Exercise objective:
For each line of the data that includes the word "with", copy the line.

Available data:
——

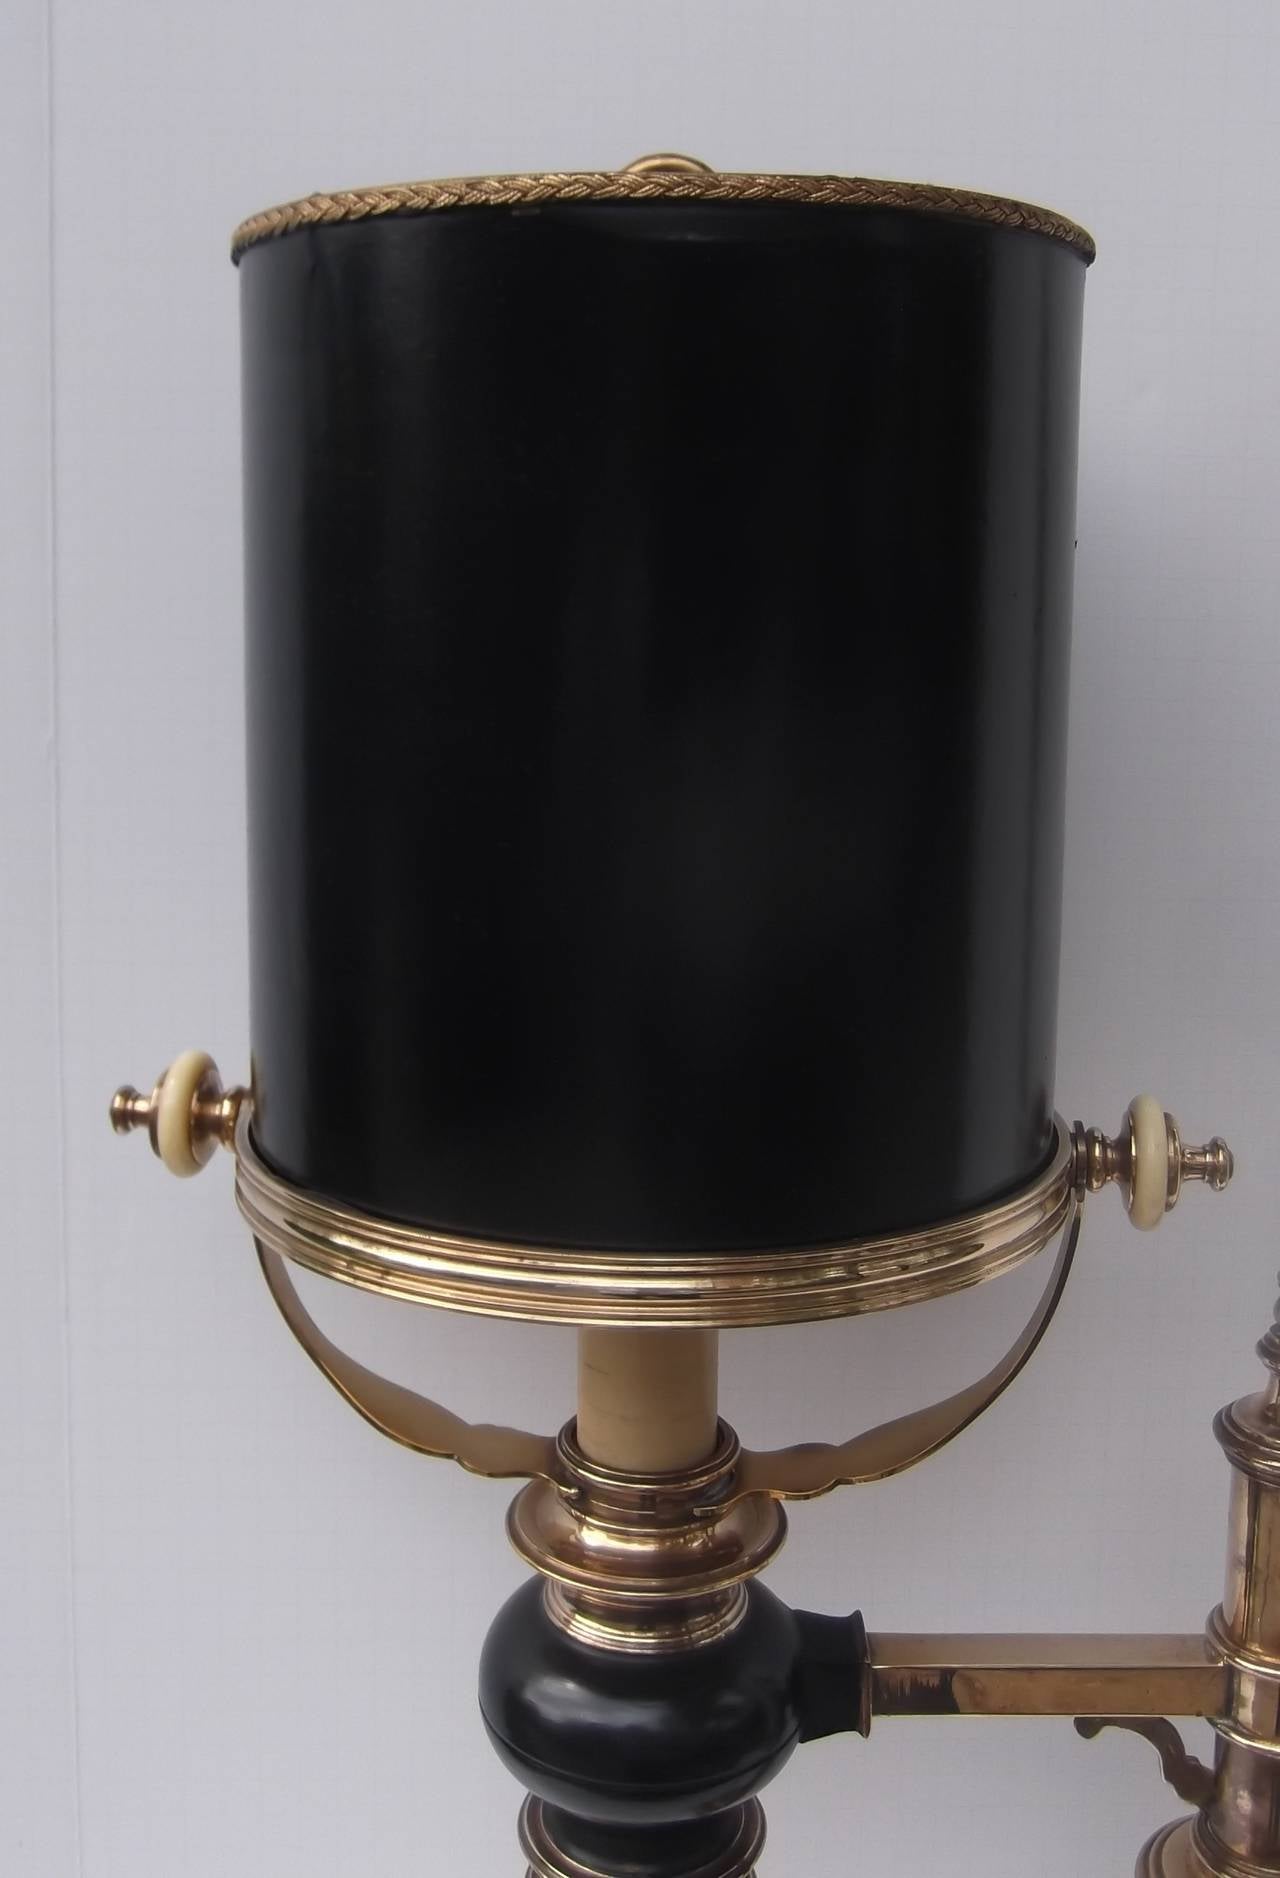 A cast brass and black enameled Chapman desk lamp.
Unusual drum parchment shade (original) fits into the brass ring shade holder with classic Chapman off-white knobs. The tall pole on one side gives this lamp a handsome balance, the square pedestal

——

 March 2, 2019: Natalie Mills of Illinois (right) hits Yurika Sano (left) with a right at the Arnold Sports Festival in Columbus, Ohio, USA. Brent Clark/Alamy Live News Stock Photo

——

Solution to this exercise:
Unusual drum parchment shade (original) fits into the brass ring shade holder with classic Chapman off-white knobs. The tall pole on one side gives this lamp a handsome balance, the square pedestal
 March 2, 2019: Natalie Mills of Illinois (right) hits Yurika Sano (left) with a right at the Arnold Sports Festival in Columbus, Ohio, USA. Brent Clark/Alamy Live News Stock Photo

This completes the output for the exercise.